My dad was a genius.  This doesn’t come from an “I’m a daddy’s girl and I think my dad is superman” syndrome.  He was a bona fide, took his ass to college at 16, taking appliances apart for sport, reading and critiquing Socrates at age 10 type of genius.  His dad, my Grandfather, beat his ass for it for the first half of his life because the last thing a Texan man, who wears overalls, drives a pick-up truck, and eats onions like apples wants is some kid who’d rather figure out the velocity of a thrown football than to actually throw a football.  Genius was a misunderstood waste of time to my pull yourself up by your bootstraps Southern grandpa.

Later in life, my dad’s extraordinary brain was appreciated and lauded; he did groundbreaking things in math and the computer industry (when only the government had computers). But the burden of having such a brain still left him somewhat beaten.  I’d often wake up to “take a tinkle” in the middle of the night and find him unhappily awake.  His brain wouldn’t shut off—even after medicating himself with his self-prescribed sleeping aid—weed and his purple bong.

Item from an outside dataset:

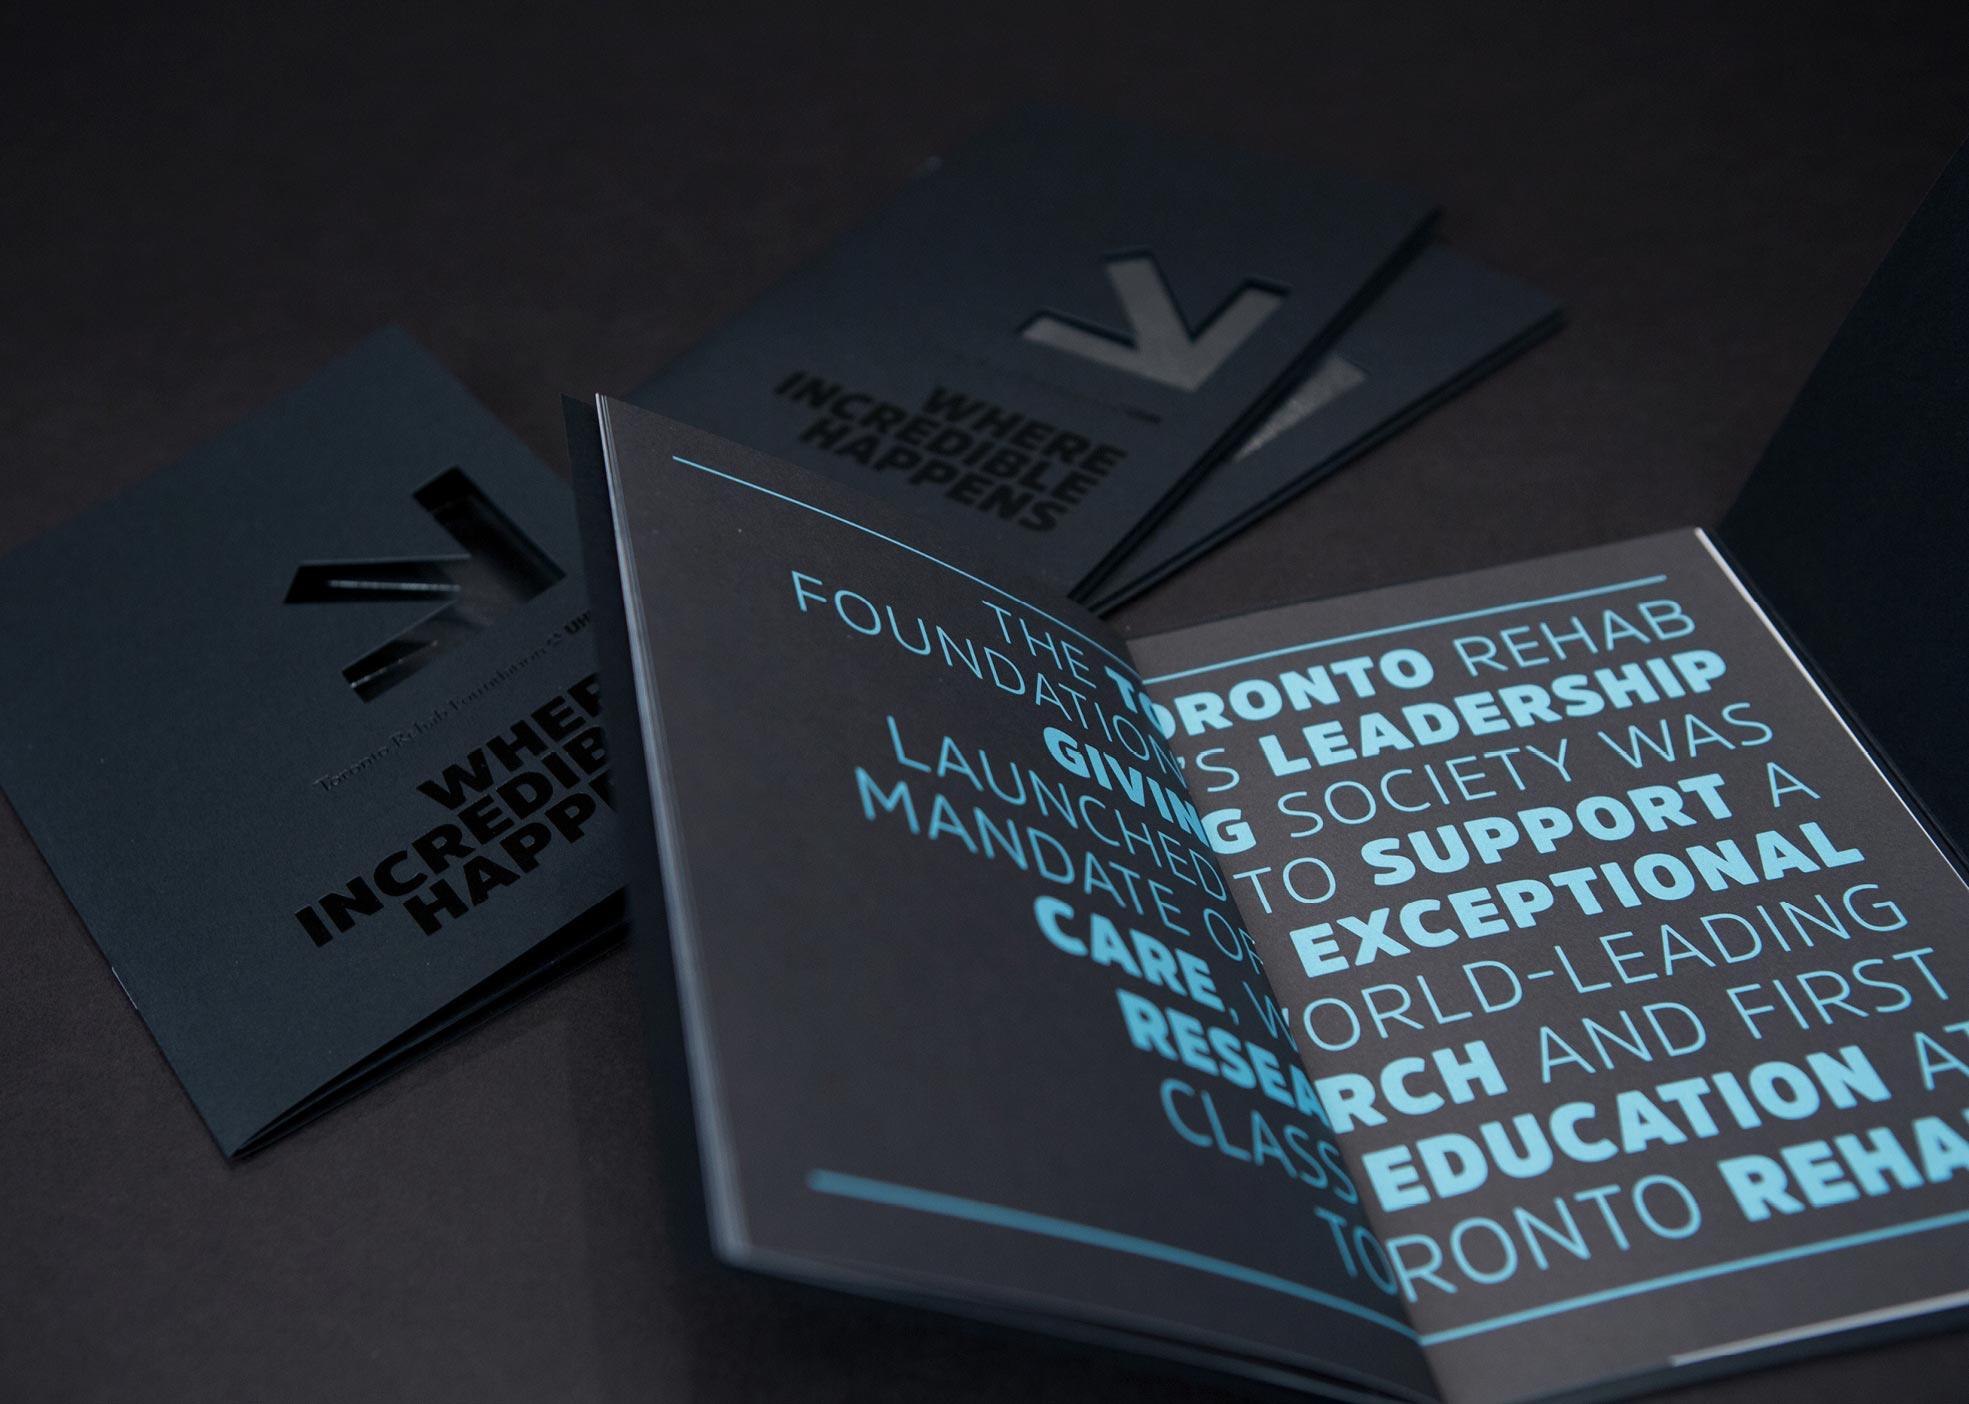 toronto-rehab-foundation-special-gifts-5-sputnik-design-partners.jpg
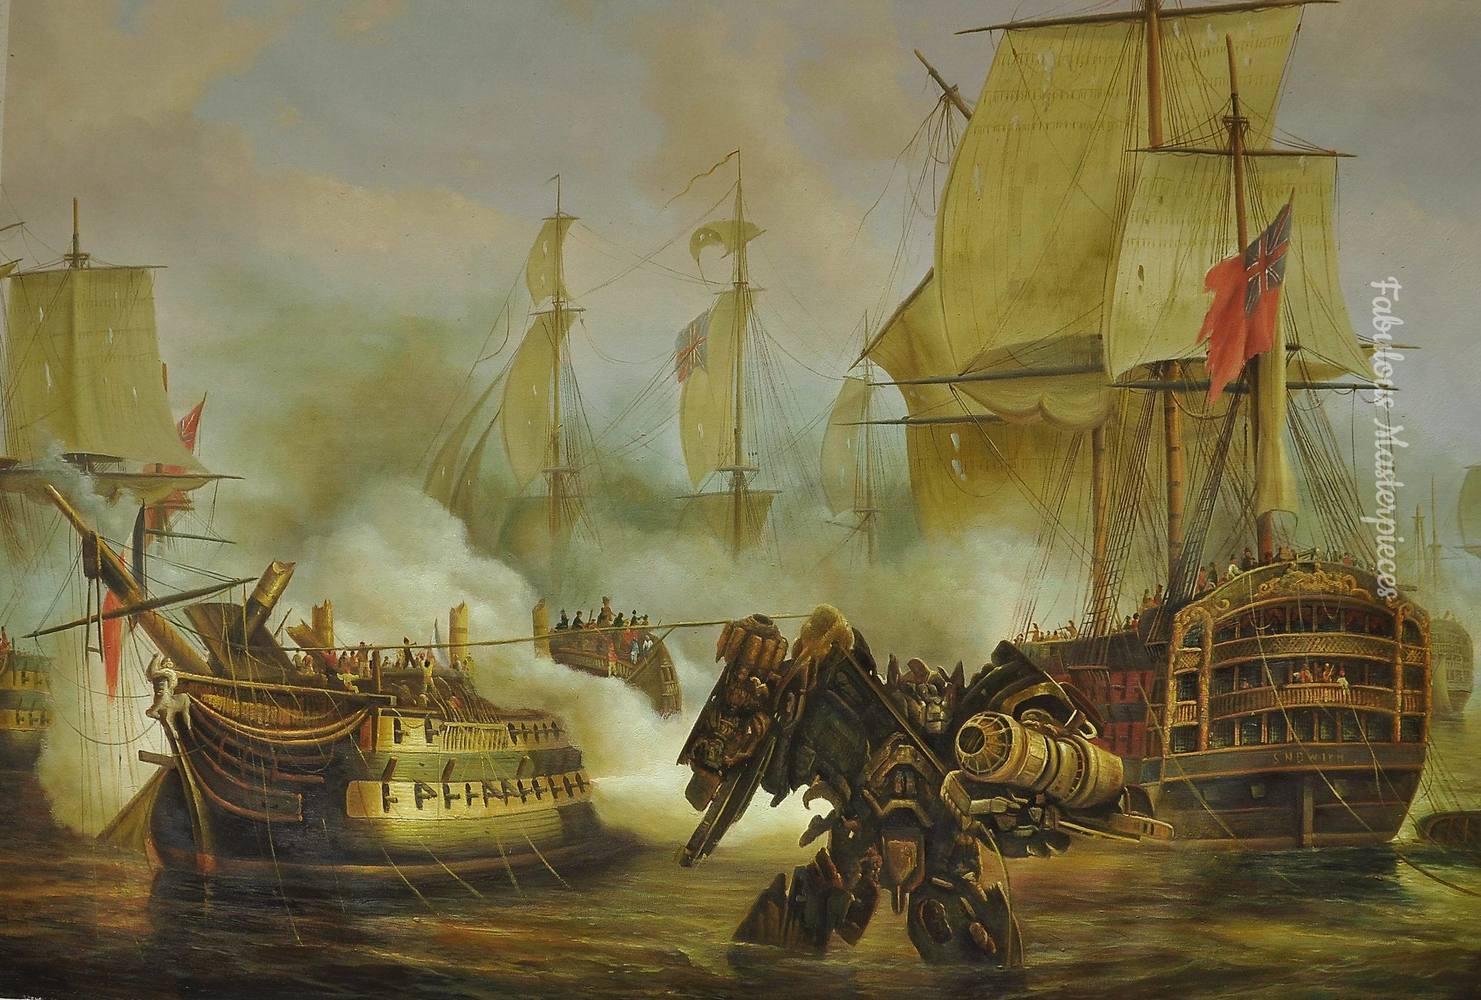 Transformer in Battle of Trafalgar

It’s understandable that he self-medicated. Many geniuses do.  Seeing the world differently than everybody else must be challenging, particularly because their different perspective and way of navigating in the world must be fatiguing.  And geniuses are weird.  So much of their brains are monopolized by being so incredibly brilliant at a particular subject or skill, that other areas  of functionality suffer.  Think about outstanding musicians, inventors and computer gurus you know of — they are . . .  “different.”  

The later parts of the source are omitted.